The amazing thing about the colors found in nature is that they are a signal to us in terms of their nutrient content. The deeper and more vibrant the color, the more potent and concentrated the antioxidants and nutrients found in the food. Think beetroot and berries, the color is so concentrated that they even stain our fingers.
Smoothies are a great way of getting in a broad range of nutrients that we wouldn’t normally eat around that time (Spinach in the morning?).
3. Wild Salmon
This beautifully colored fish is pure brain food. Salmon is full of Omega 3 fatty acids, the essential fatty acid your body does not produce and can only get from external sources.
Omega 3’s aids the body in terms of lowering inflammation, reduces the risk of developing Alzheimer’s and depression and most importantly has a heart protective function (3).
Aside from omega 3’s, regular (wild caught) salmon is also an extremely healthy whole protein source.
We’ve put together 43 heavenly salmon recipes here.
Tip: When you feel like a change from salmon but are still seeking your omega 3’s, sardines and anchovies are the next best thing!
4. Egg yolks
Egg yolks have unfortunately been given a bad reputation over the years. In recent history it was thought that egg yolks could be detrimental to us in terms of their cholesterol content and raising our cholesterol. This theory has since been debunked (4). This is an absolute shame as the yolk of the egg is by far the most nutritious part of the egg. The benefits of eating eggs (yes daily) are numerous and can be the subject of an entire article.

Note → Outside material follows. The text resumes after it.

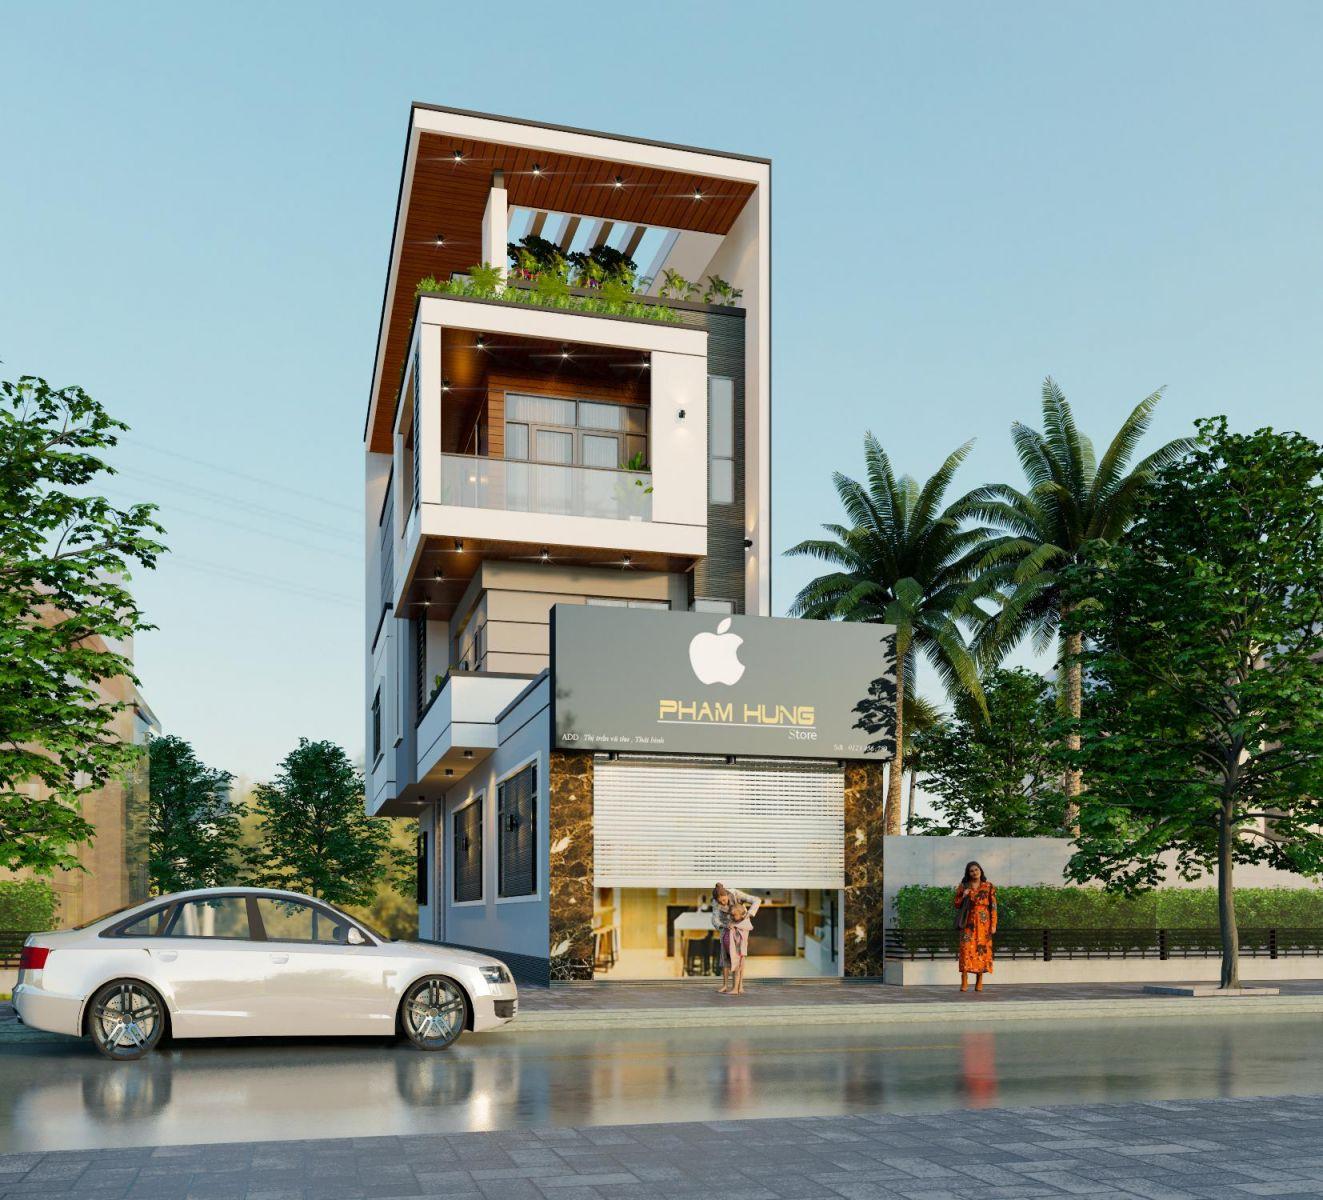 Thiết kế nhà phố hiện đại tại Vũ Thư, Thái Bình
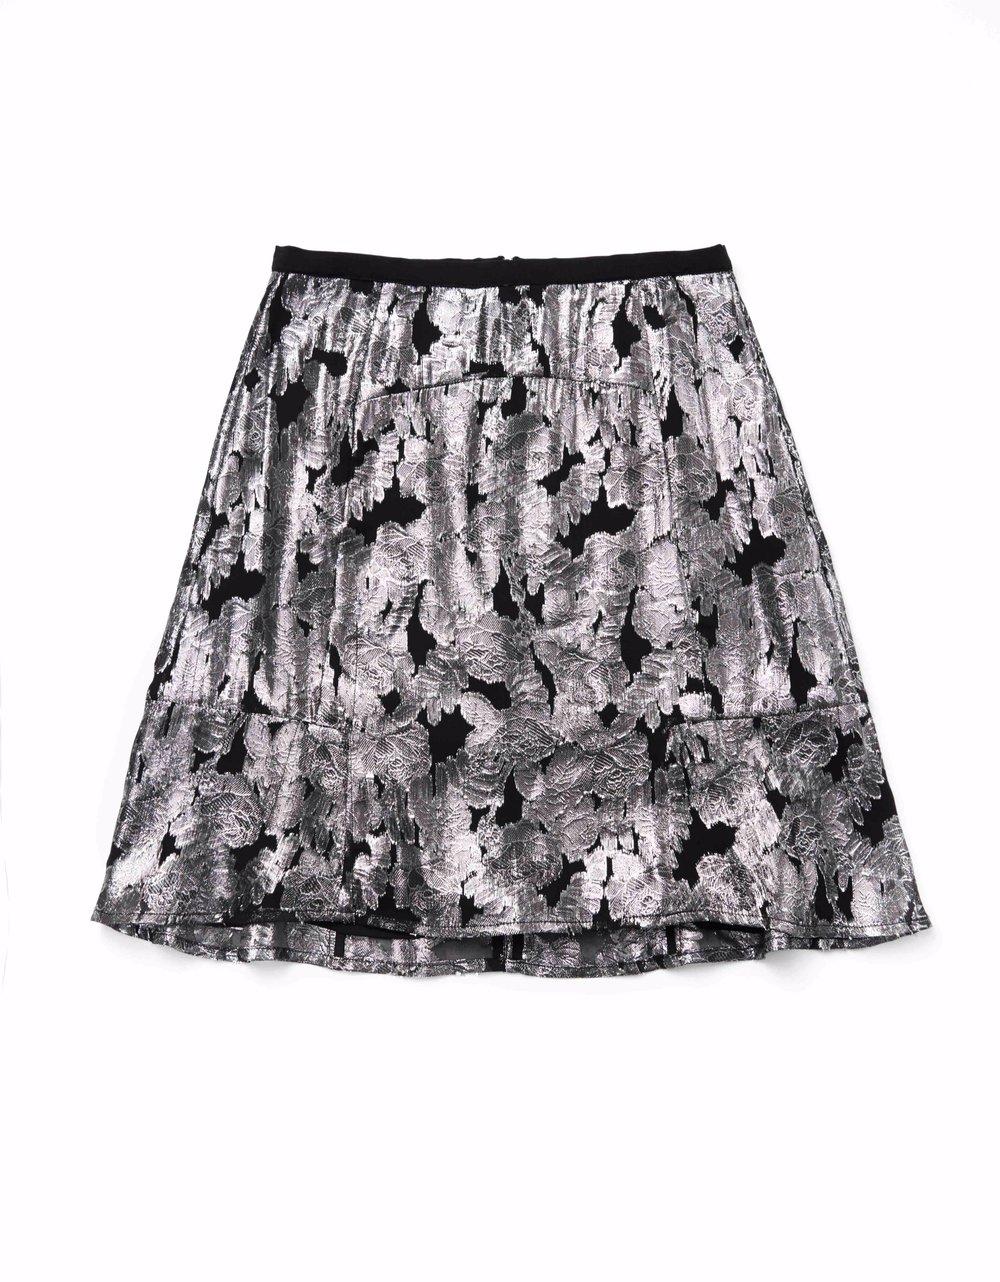 RUSSE skirt

Eggs are an amazing source of whole protein with several other nutrients present:
- Egg yolks are a rich source of Vitamin B12, this is more than 12% of your daily needs
- Eggs are rich in Selenium and choline which are vital for our health
- Choose Omega 3 enriched eggs to increase your dose of healthy fatty acids
- Egg yolks are packed with powerful immune boosting antioxidants
- Rich in our fat soluble A, D, E and K vitamins
Eggs for breakfast really are the best way to start the day.
Aside from being a delicious and necessary addition to any decent meal, garlic is more than just a herb.
Garlic comes from the same family as shallots,onion and leeks- the Allium family. Crushed garlic contains Allicin which is the key to the medicinal properties of garlic (5)
- Garlic helps us combat colds and flu
- Can reduce blood pressure
- Anti-clotting properties
- Anti- cancer properties
- Cholesterol lowering
The Allicin is only released when garlic is crushed when it is still raw. The good news is that only a clove or two a day is enough to reap the benefits of this incredible little herb.
This simple but satisfying recipe of roasted mushroom with shaved garlic is one way of getting in your daily dose of garlic.